C’est que la faiblesse était son caractère principal. Mais je ne l’ai appris que plus tard. Au moment de la publication, j’avais encore confiance dans les récits qu’il m’avait fait. J’avais tout consigné soigneusement. J’étais fier d’être l’auteur d’une biographie. Bien sûr, après la douche froide que j’ai reçue dans l’adresse au Pape, il ne m’a plus effleuré un instant de la publier. J’ai tout rangé dans un tiroir et j’ai tiré une croix là-dessus. Mais au fil des rencontres, les informations sont venues sans que je cherche à les rassembler. On savait que j’avais été l’assistant du vieux Copernic. Tout qui avait une anecdote sur lui venait me la raconter. Et tout l’édifice s’est démonté peu à peu. Rien de ce qu’il m’avait raconté n’était vrai. C’est-à-dire : en gros, les faits l’étaient, mais jamais le caractère ni l’intention. Il s’était peint en homme d’action pour camoufler le couard qu’il était réellement.
Vous voulez dire dans sa vie publique ?
Celle-là et les autres.
Vous êtes sévère !
Si seulement vous l’aviez rencontré, Valentin, vous sauriez de quoi je veux parler. Ce petit homme fade, effacé, maniaque, pusillanime, comment aurait-il pu être l’homme d’église, l’homme d’affaires, le diplomate, le médecin ET le grand savant qu’il décrivait. C’était absurde.
Mais qu’était-il alors ?
Un mouton. Un mouton embarqué dans un destin trop grand pour lui. Et qu’il n’avait jamais désiré d’ailleurs. Toute sa vie s’est déroulée en courbettes. Il vivait sous la coupe de son oncle, devant qui il est toujours resté docile et mou comme du beurre. Tout ce qu’il m’a raconté de sa jeunesse, de ses études brillantes, était parfaitement faux. J’en ai les preuves formelles C’était l’étudiant le plus moyen qu’on puisse imaginer. Il n’a laissé aucune trace dans l’esprit de personne. Certains se souviennent qu’il était là, mais personne ne l’a jamais entendu discourir, disputer, argumenter, participer à quelque polémique que ce soit, et encore moins donner des cours ou des conférences.

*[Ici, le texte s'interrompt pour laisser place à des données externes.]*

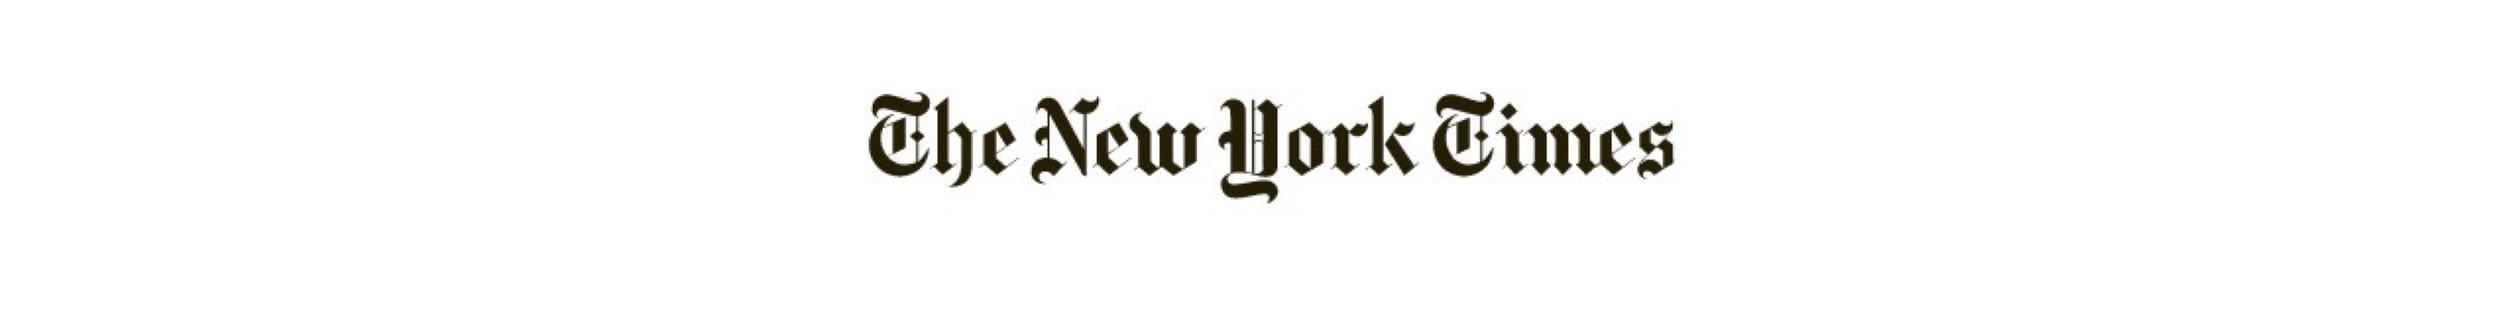 HG PRESS LOGO NYT. copy.jpg

Il était incolore, inodore, invisible. Personne n'aurait jamais retenu son nom si je n'étais pas allé le chercher dans son repaire.

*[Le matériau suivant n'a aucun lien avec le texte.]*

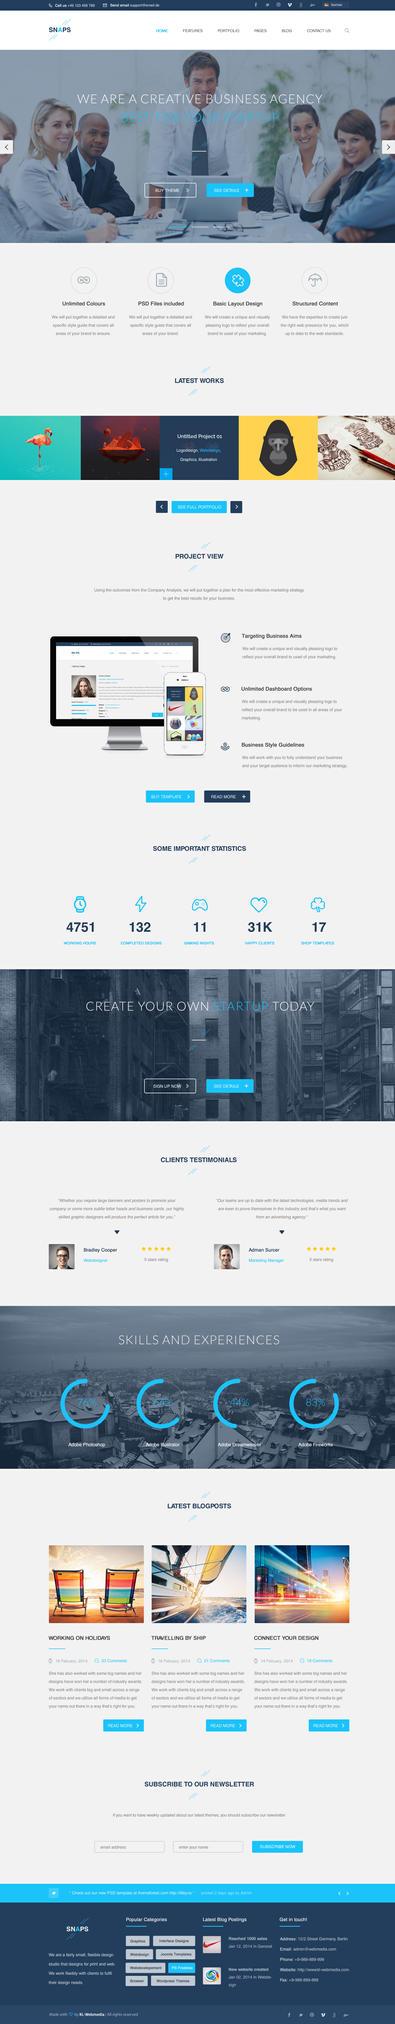 Snaps - Creative Wordpress Theme by KL-Webmedia

Et maintenant vous brûlez sa biographie!
La version officielle est partie en fumée. La version officieuse s'éteindra avec moi. L'oeuvre restera peut-être. Croyez-moi, il vaut mieux que la vie de Copernic reste un mystère pour l'humanité.

Valentin poussa un soupir à fendre les pierres et retourna se coucher en gémissant.